How to complete this task
Leave out every picture, and output exactly the lines from the line containing "Il Contraente deve" through the last line of the data.

Raw data
******
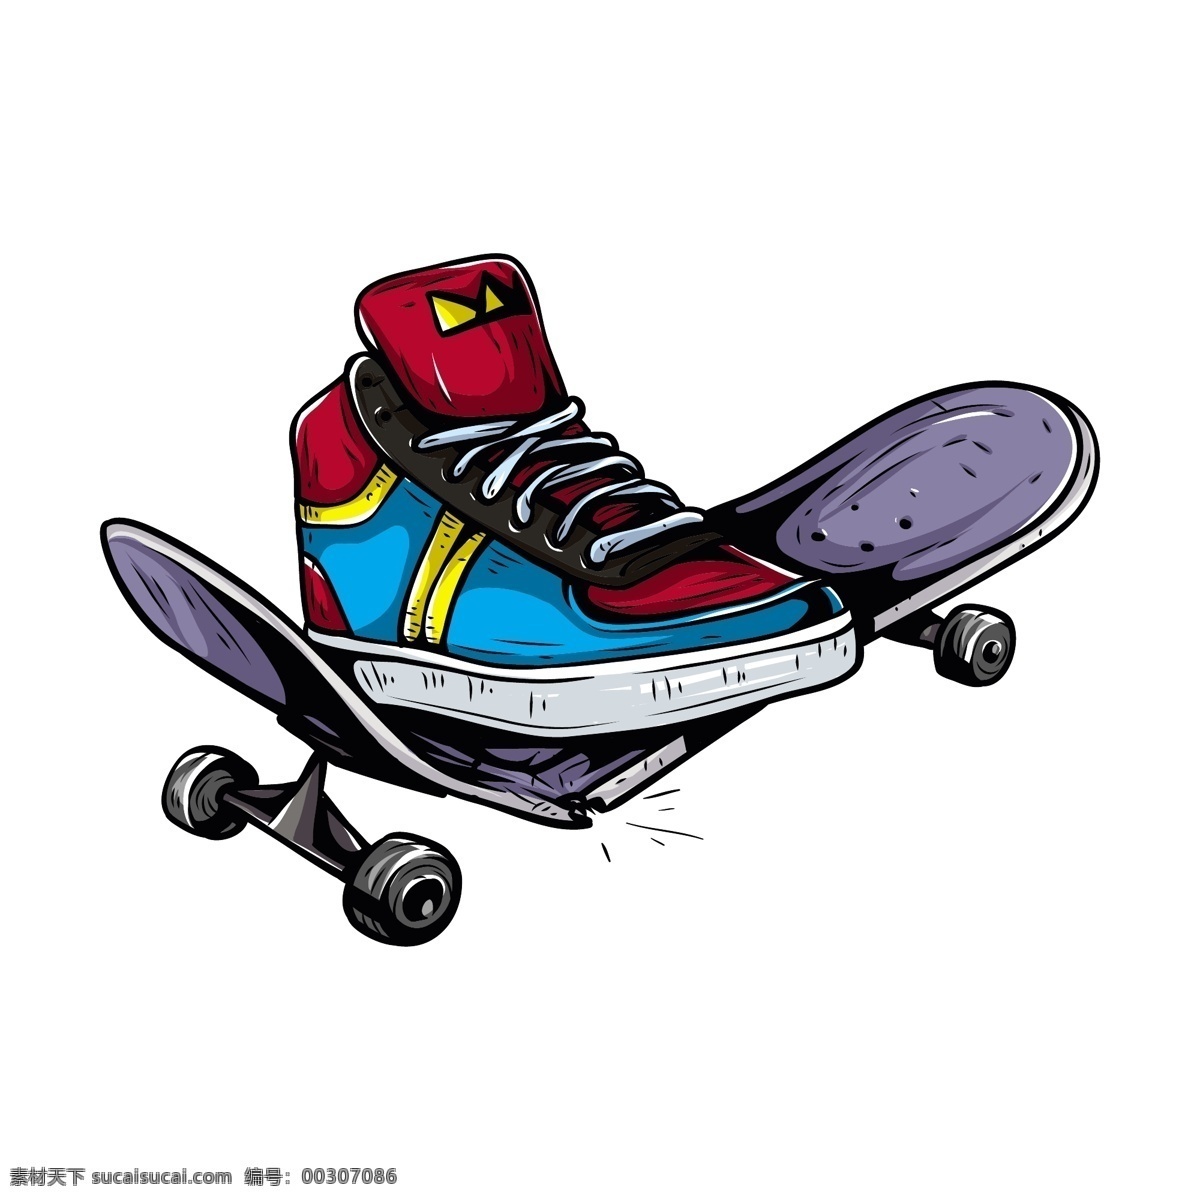 滑板上的鞋子 滑板 卡通鞋子 体育运动漫画 卡通漫画 卡通插画 体育运动 生活百科 矢量素材 白色
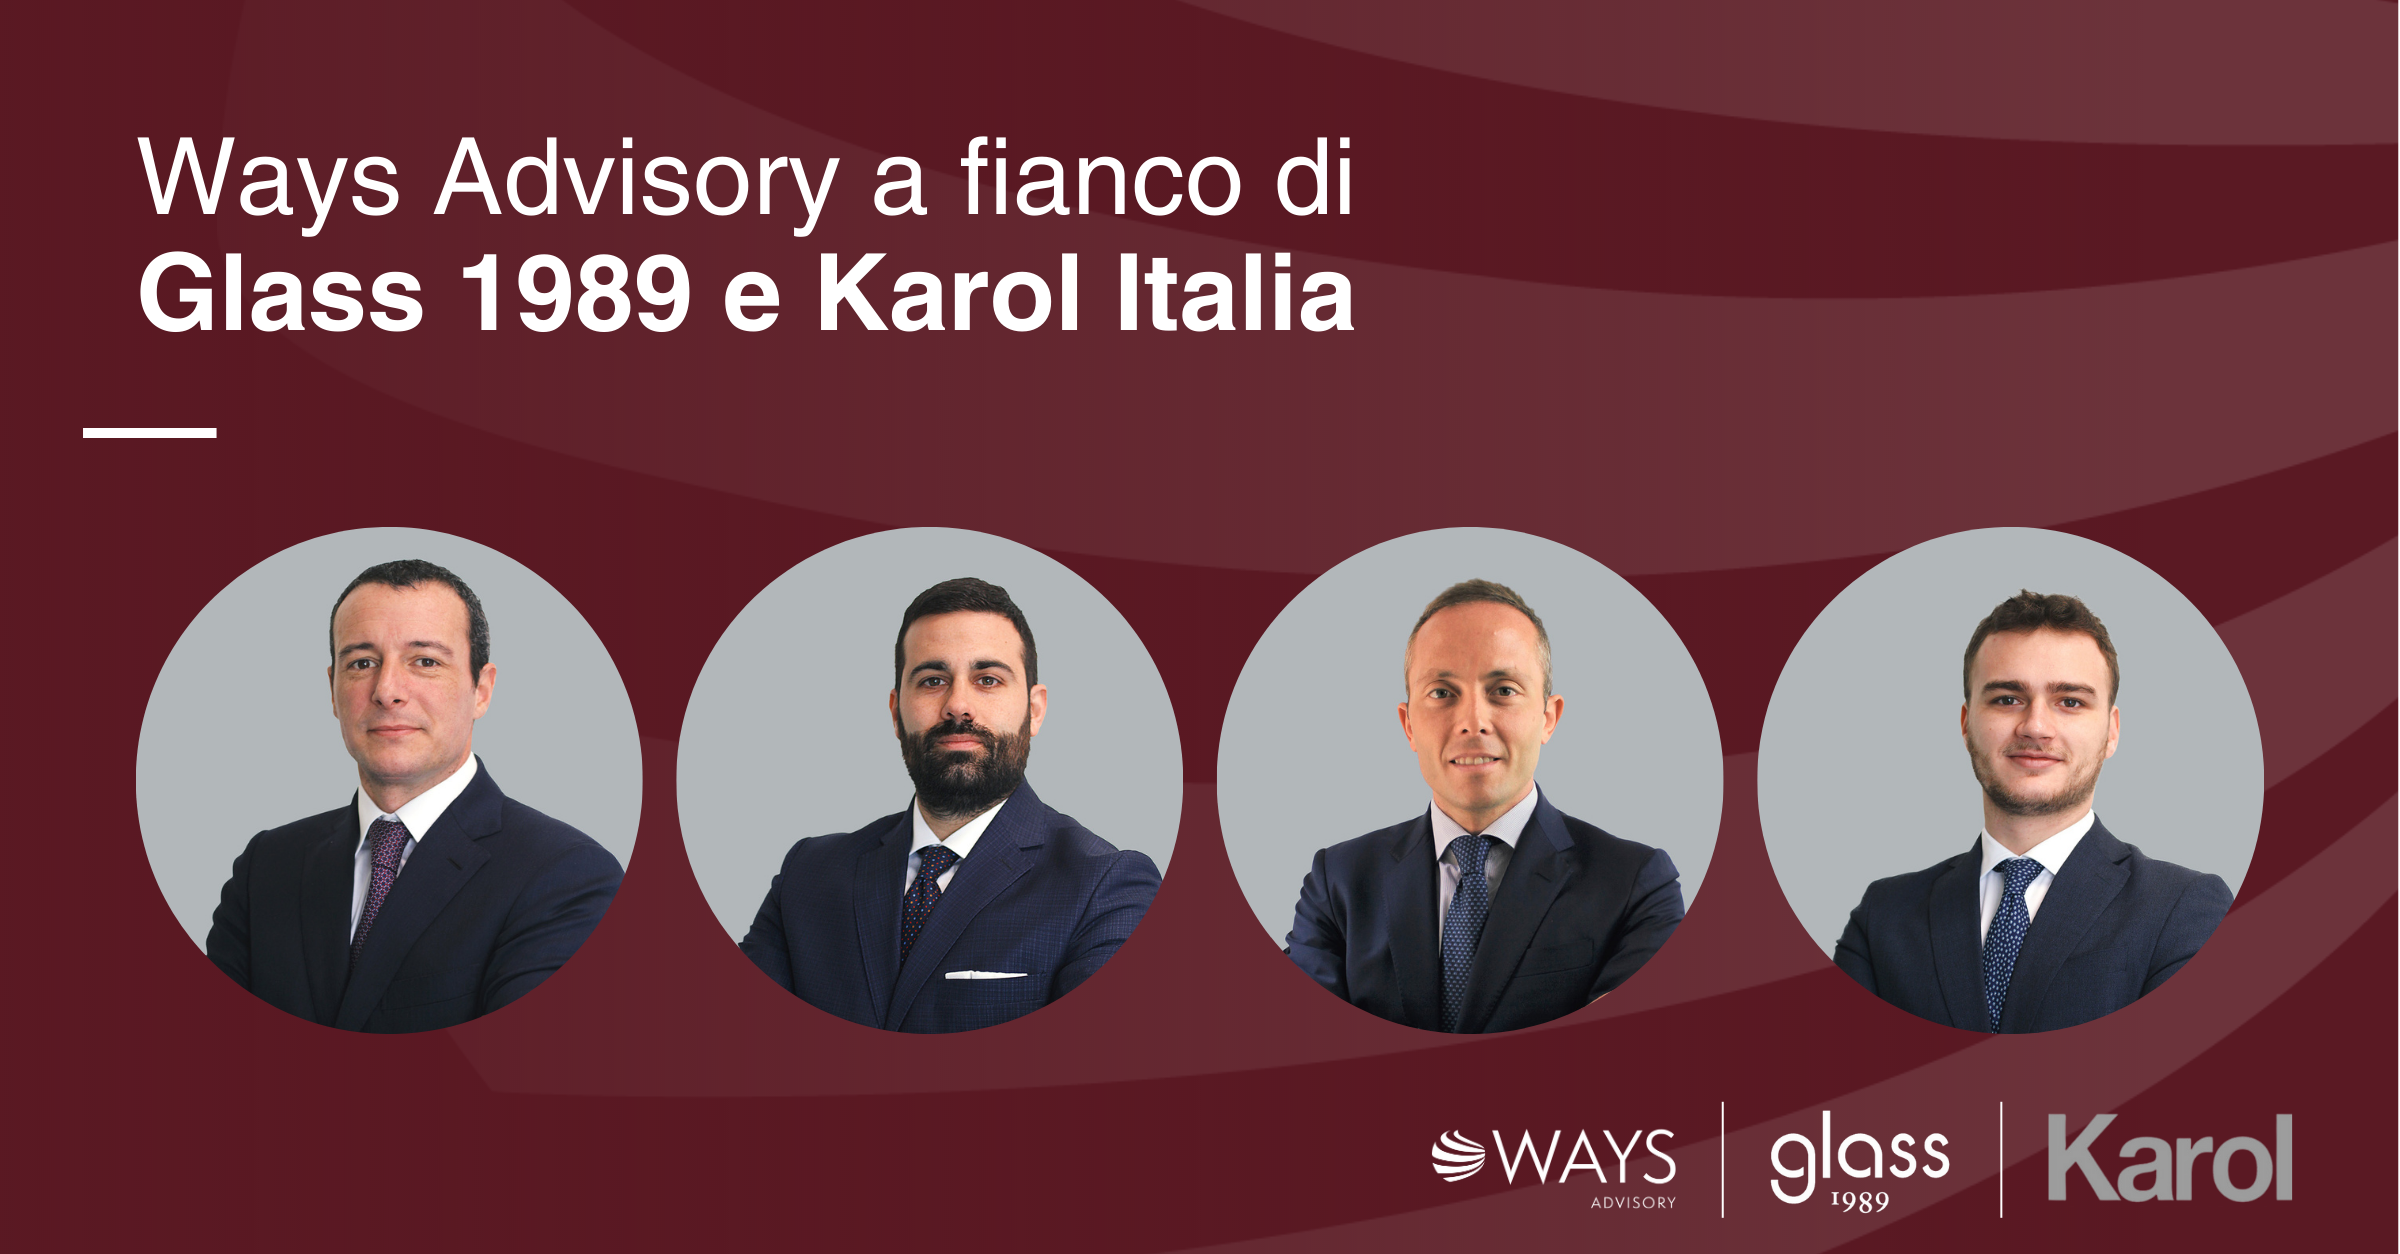 Ways Advisory a fianco di Glass 1989 s.r.l. e Karol Italia in qualità di Advisor Finanziario
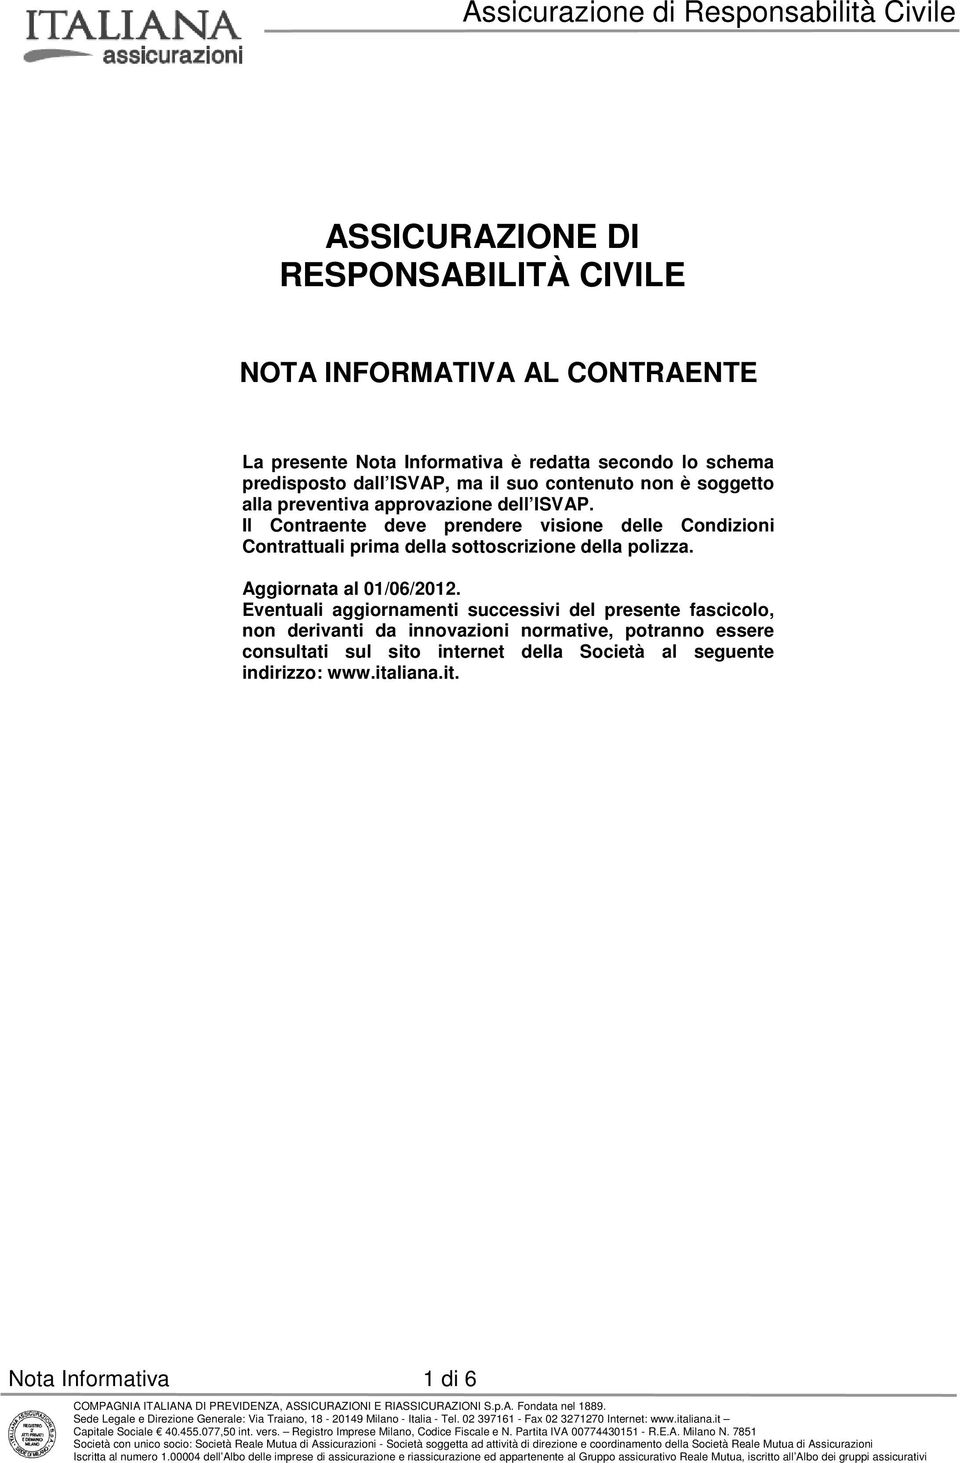 Il Contraente deve prendere visione delle Condizioni Contrattuali prima della sottoscrizione della polizza. Aggiornata al 01/06/2012.
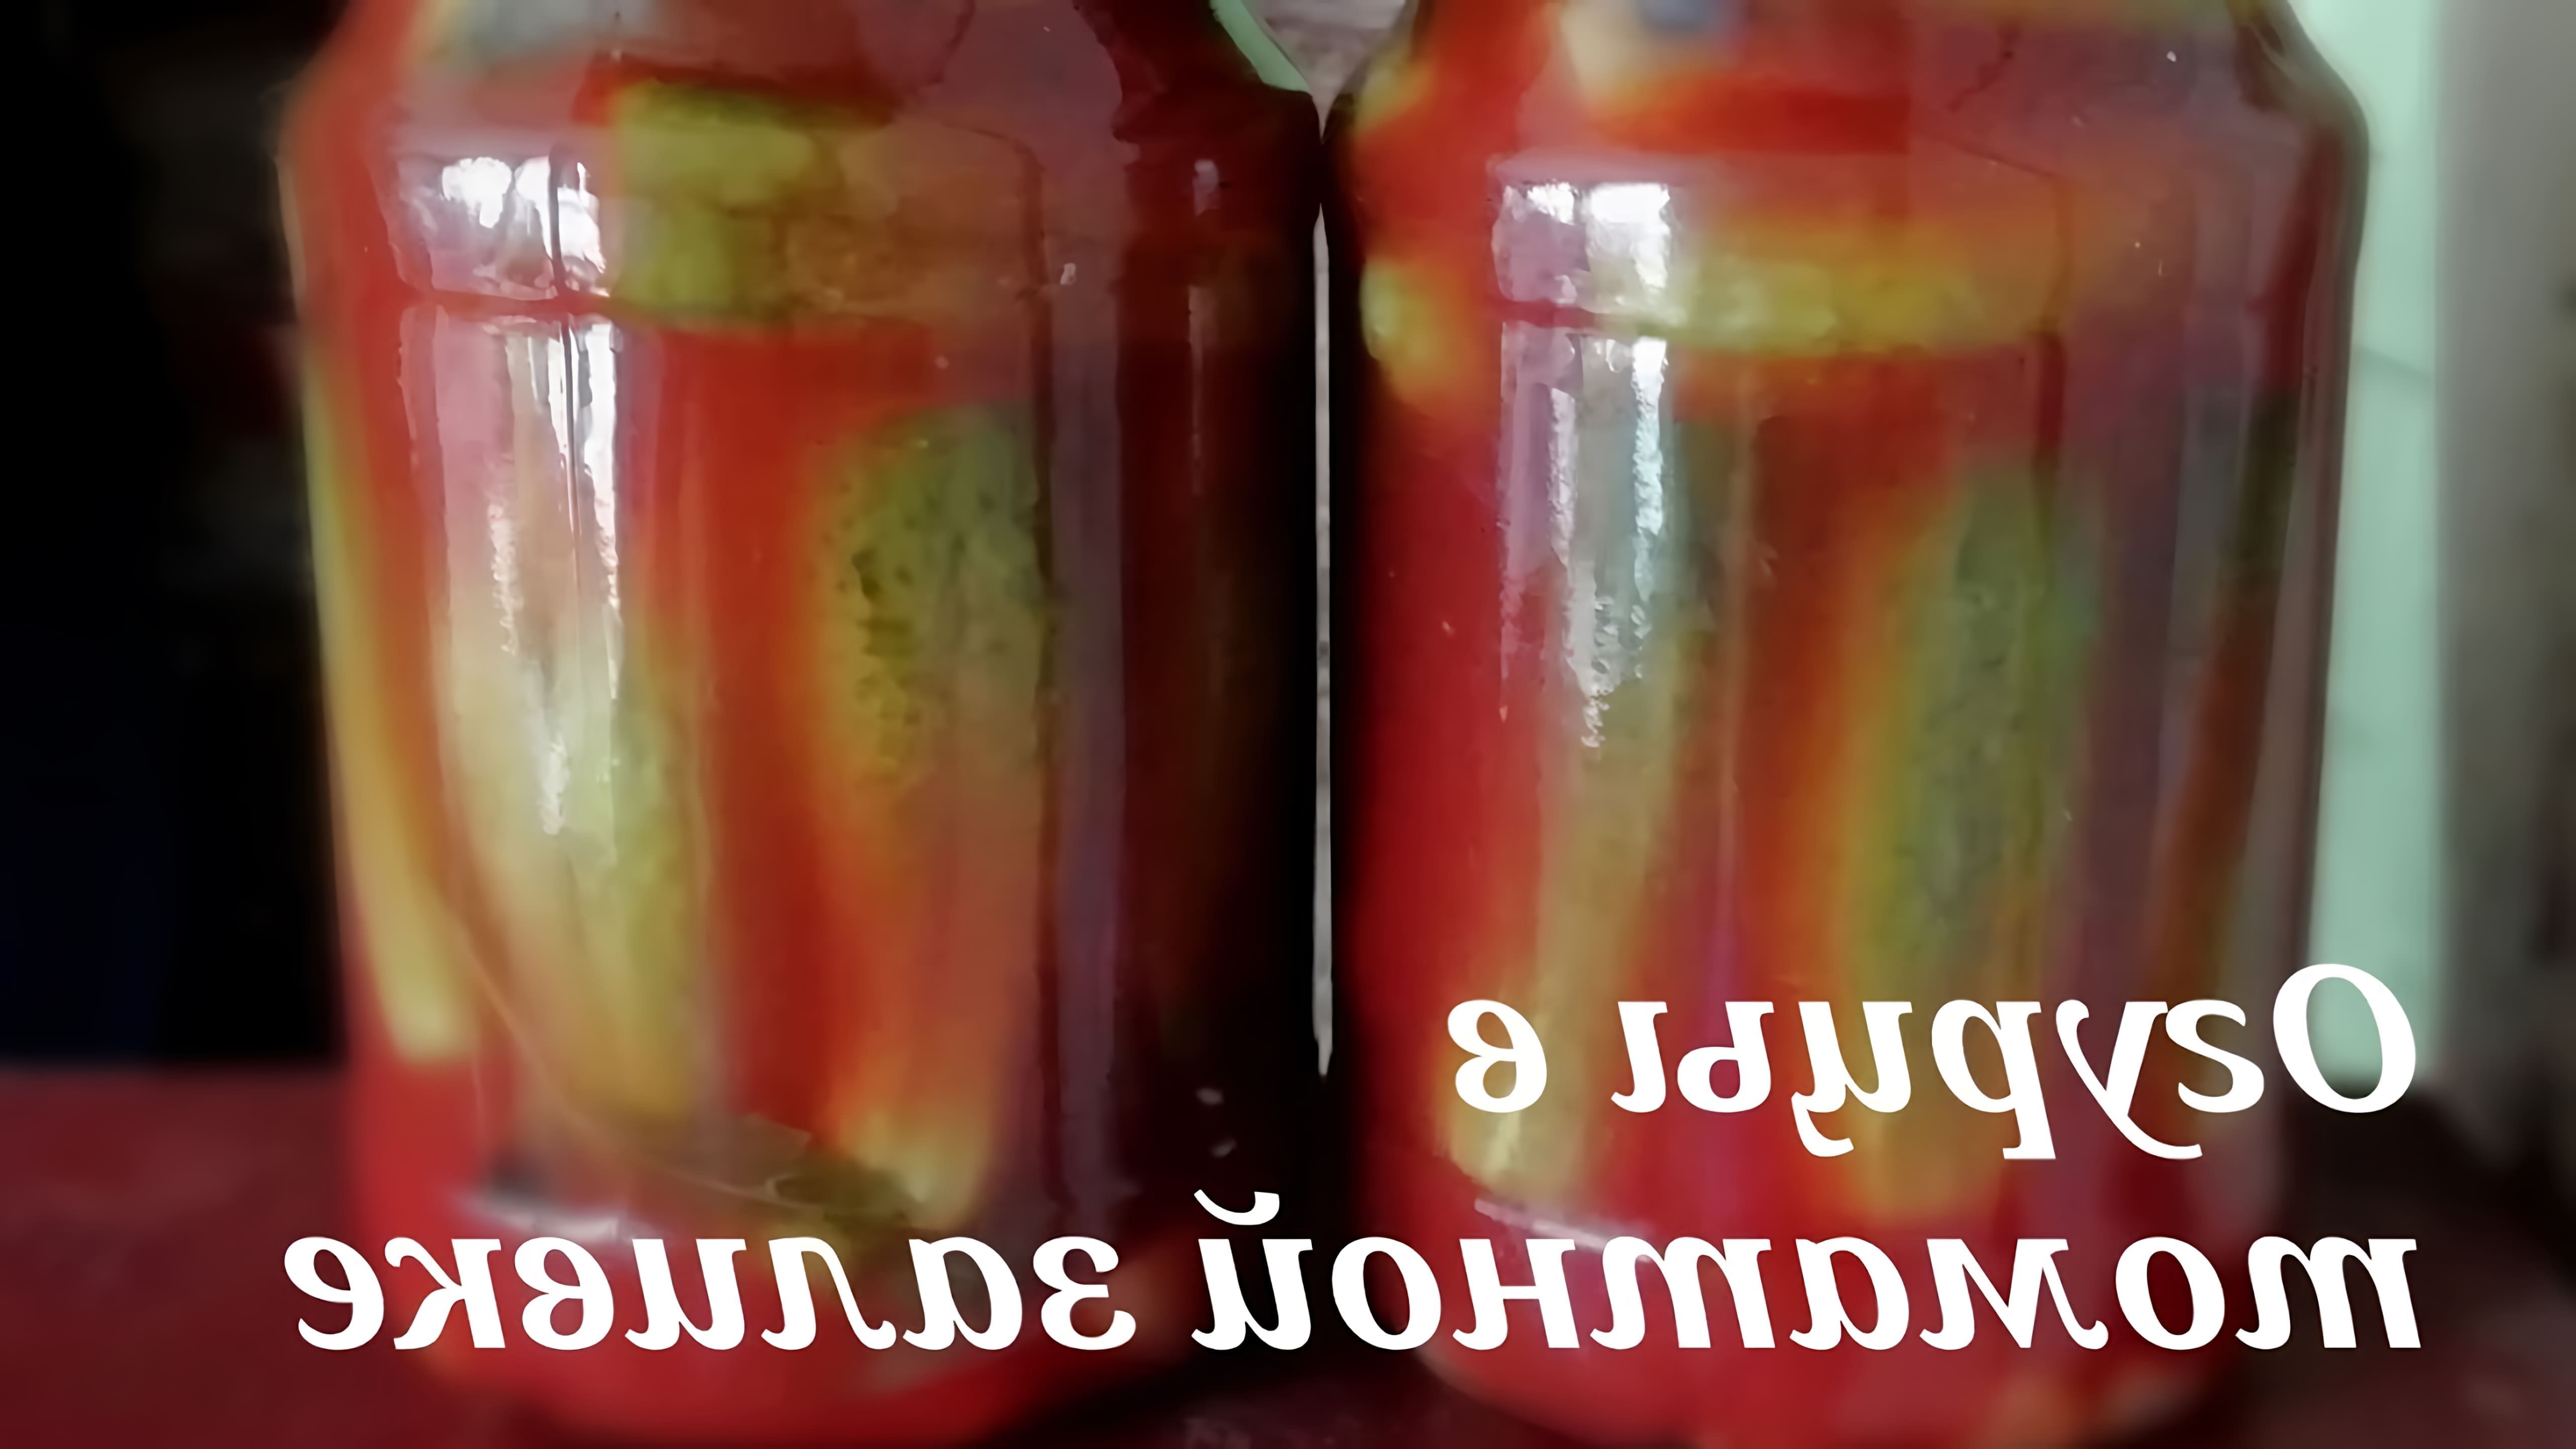 В этом видео демонстрируется процесс приготовления маринованных огурцов в томатной заливке
******
Task result
 Il Contraente deve prendere visione delle Condizioni Contrattuali prima della sottoscrizione della polizza. Aggiornata al 01/06/2012.
 В этом видео демонстрируется процесс приготовления маринованных огурцов в томатной заливке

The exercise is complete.